The Intrusion prevention system / Intrusion Detection
Systems (IPS/IDS) industry faces a major challenge in seeking to provide the
necessary solutions to current and future threats.
At the same time, this
challenge presents vast opportunities to the IPS/IDS companies able to deliver
effective functions, integrate systems, and maximize security and productivity
per currency invested. The growing acceptance of cutting-edge IPS/IDS
technologies in the private and public sectors is forecast-ed to drive the
perimeter IPS/IDS market growth.
The rise in criminal theft and terror attacks are the
key factors that drive the IPS/IDS and services market. Increasing leaning
towards business and residential security system automation raises the demand
for these systems and services.
In this article we will try to understand about
Intrusion prevention system / Intrusion Detection Systems (IPS/IDS) and types
of (IPS/IDS).
Intrusion Detection System (IDS) and Intrusion
Prevention System (IPS) solutions built an integral part of a
robust network defense solution.
What is Intrusion Prevention System
(IPS)
Intrusion prevention is the process of performing
intrusion detection and then stopping the detected incidents.
An IPS works inline in the data stream to provide
protection from malicious attacks in real time. This is called inline
mode. An IPS does not allow packets to enter the trusted side of the
network. An IPS monitors traffic at Layer 3 (Network) and Layer 4 (Transport) to
ensure that their headers, states, and so on are those specified in the
protocol suite.
What is Intrusion Detection System
(IDS)
Intrusion detection is the process of monitoring the
events occurring in your network and analyzing them for signs of possible
incidents, violations, or imminent threats to your security policies.
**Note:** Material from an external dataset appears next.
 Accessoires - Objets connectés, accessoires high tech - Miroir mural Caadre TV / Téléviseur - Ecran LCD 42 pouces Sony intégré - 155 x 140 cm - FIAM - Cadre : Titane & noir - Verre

An IDS captures packets in real time, processes them,
and can respond to threats, but works on
copies of data traffic to detect suspicious activity by using signatures.
This is called promiscuous mode. In the process of detecting
malicious traffic, an IDS allows some malicious traffic to pass before the IDS
can respond to protect the network. An IDS analyzes a copy of the monitored
traffic rather than the actual forwarded packet. The advantage of operating on
a copy of the traffic is that the IDS does not affect the packet flow of the
forwarded traffic. An IDS often requires assistance from other networking
devices, such as routers and firewalls, to respond to an attack. It monitors all network packets right from OSI Layer 2 (Data) to Layer 7 (Application), and stores this vast amount of information
in its database.
The main difference between them is that IDS is a monitoring
system, while IPS is a control system.
IDS doesn’t alter the network packets in any way, whereas IPS
prevents the packet from delivery based on the contents of the packet, much
like how a firewall prevents traffic by IP address.
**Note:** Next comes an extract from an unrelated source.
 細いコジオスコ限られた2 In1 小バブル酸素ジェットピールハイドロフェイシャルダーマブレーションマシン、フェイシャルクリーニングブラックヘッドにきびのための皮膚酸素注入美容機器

Intrusion Prevention System
(IPS) and its Benefits
In addition to raising an alarm, IPS can also
configure rules, policies and required actions upon capturing these alarms. It
can also be classified into NIPS (network intrusion prevention system) which is
placed at specific points on the network to monitor and protect the network
from malicious activity or HIPS (host intrusion prevention system) which is
implemented on each host to monitor its activities and take necessary actions
on detection of anomalous behavior. Using signature or anomaly based detection
technique, IPS can:
1.
Monitor
and evaluate threats, catch intruders and take action in real time to thwart
such instances that firewall or antivirus software may miss.
2.
Prevent
DoS/DDoS attacks.
3.
Maintain
the privacy of users as IPS records the network activity only when it finds an
activity that matches the list of known malicious activities.
4.
Stop
attacks on the SSL protocol or prevent attempts to find open ports on specific
hosts.
5.
Detect
and foil OS fingerprinting attempts that hackers use to find out the OS of the
target system to launch specific exploits.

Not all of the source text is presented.